Carnet du Front populaire ne relate pas toute l’histoire de cet important mouvement social et politique ; il s’agit davantage de notes non datées, prises entre 1935 et 1936, faisant principalement référence au changement de régime survenu dans la capitale française à partir de 1936. Lors de ce moment historique, le Front populaire permettait l’avènement d’un gouvernement de coalition dirigé par la gauche socialiste, une première dans l’histoire de la France.
Dans son excellente préface, Jean-Yves Tadié désigne ce Carnet posthume comme étant un « antijournal », faisant référence aux célèbres Antimémoires (1967) d’André Malraux (1901-1976), qui n’a jamais tenu d’autres carnets ni de journal intime. Or, pour Malraux, ce carnet ne devait pas être publié ; il ne s’agissait pour lui que de « notes d’instants significatifs pour être employées plus tard ». Sauf quelques exceptions signalées dans les notes de François de Saint-Cheron, cette matière première pour de futurs livres ne semble pas avoir été utilisée par la suite (mais il faudrait pour s’en assurer relire tout Malraux à la lumière de ces pages inédites).
Ce livre bref illustre éloquemment la méthode d’écriture de Malraux : il observe son entourage et capte, non pas des moments banals du quotidien, mais plutôt des instants privilégiés, qu’il raconte superbement et, ce faisant, qu’il transforme en littérature. Aussitôt, des situations insolites émergent. Quelques inconnus décrits en des termes imagés deviennent des personnages de roman : comme tel garçon de café, « de style notaire lyrique », qui se retourne en commentant irrespectueusement le choix d’un pastis, que l’écrivain vient de lui commander. Nous trouvons à plusieurs endroits la matière brute pour un éventuel roman, voire un film, par exemple lorsqu’il décrit une scène très imagée sur une page : « Une voix de marchand qui continue à crier sa marchandise dans la rue, – le cri arrivant par la fenêtre, au milieu du silence d’une situation tragique ». Nous sommes trois ans avant le tournage de l’unique film de Malraux, Sierra de Teruel (1939).

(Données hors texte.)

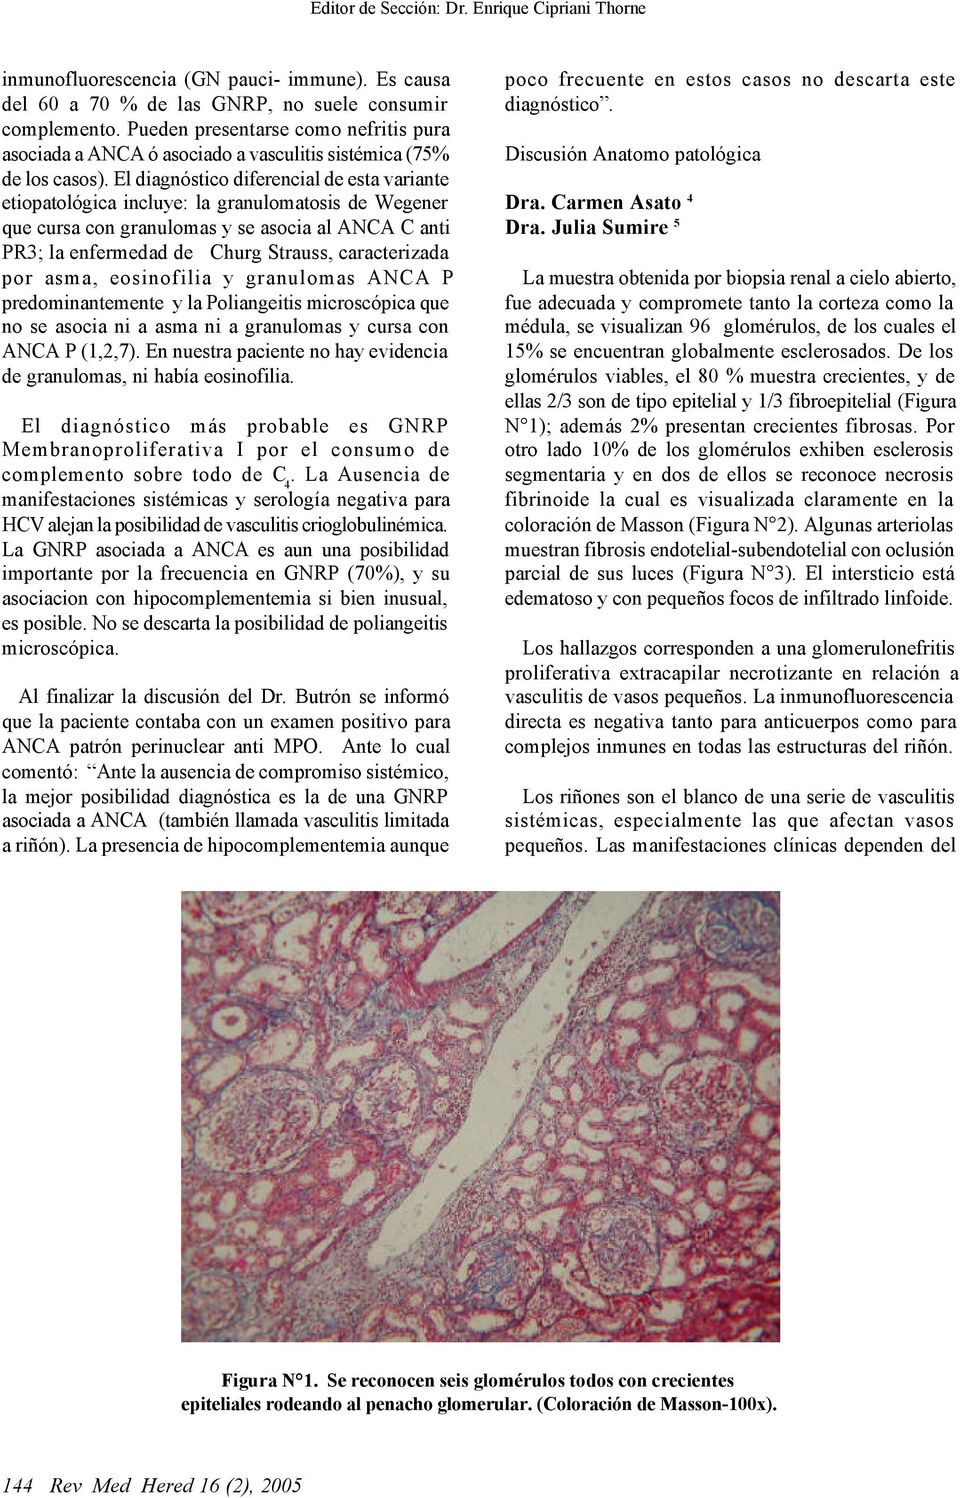 El diagnóstico diferencial de esta variante etiopatológica incluye: la granulomatosis de Wegener que cursa con granulomas y se asocia al ANCA C anti PR3; la enfermedad de Churg Strauss, caracterizada
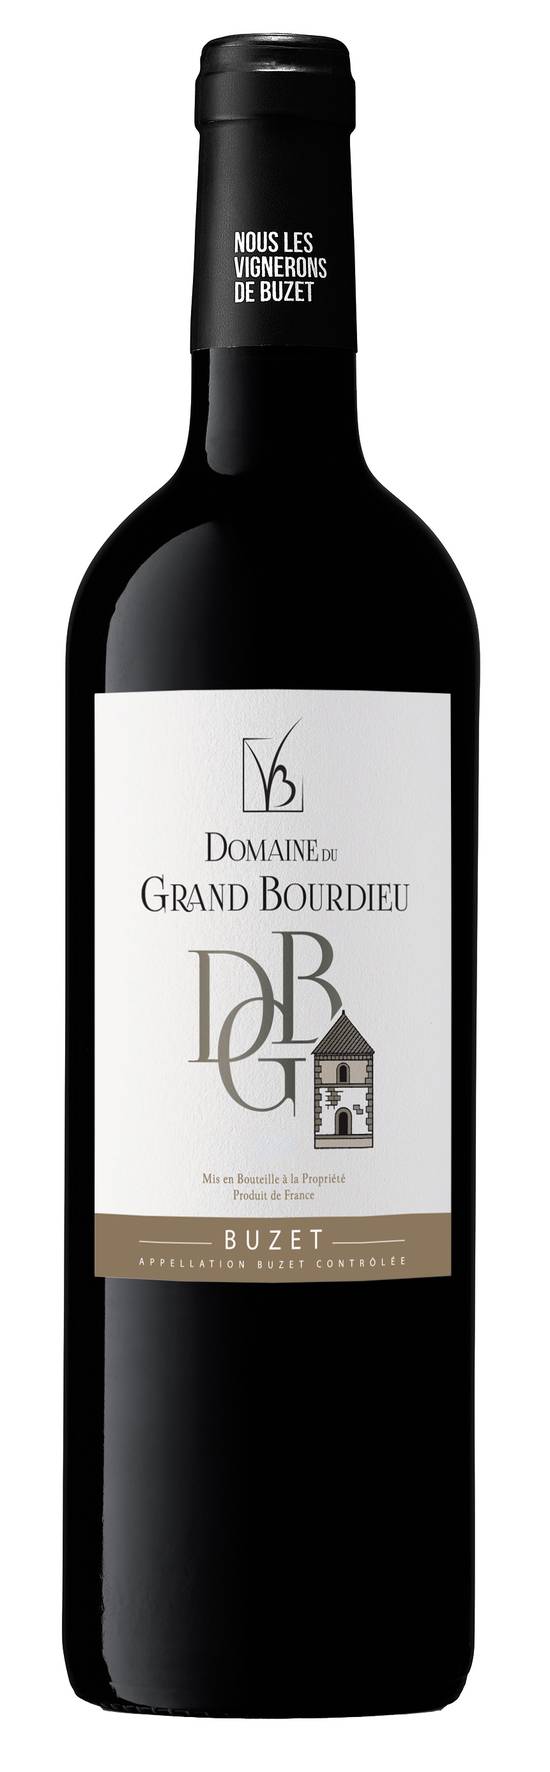 Domaine du Grand Bourdieu - Vin rouge AOC buzet domestique (750 ml)

Pour le lecteur d’aujourd’hui, ces notes d’André Malraux sembleront peut-être éparses et inachevées, mais on appréciera, en plus de la description d’une période effervescente faite de crises, de grèves et de manifestations, l’énergie créatrice d’un grand romancier pour qui l’écriture servait autant à raconter qu’à évoquer l’immédiateté de chaque jour. Déjà, Malraux s’avérait être un témoin privilégié placé aux premières loges de l’histoire en train de s’écrire.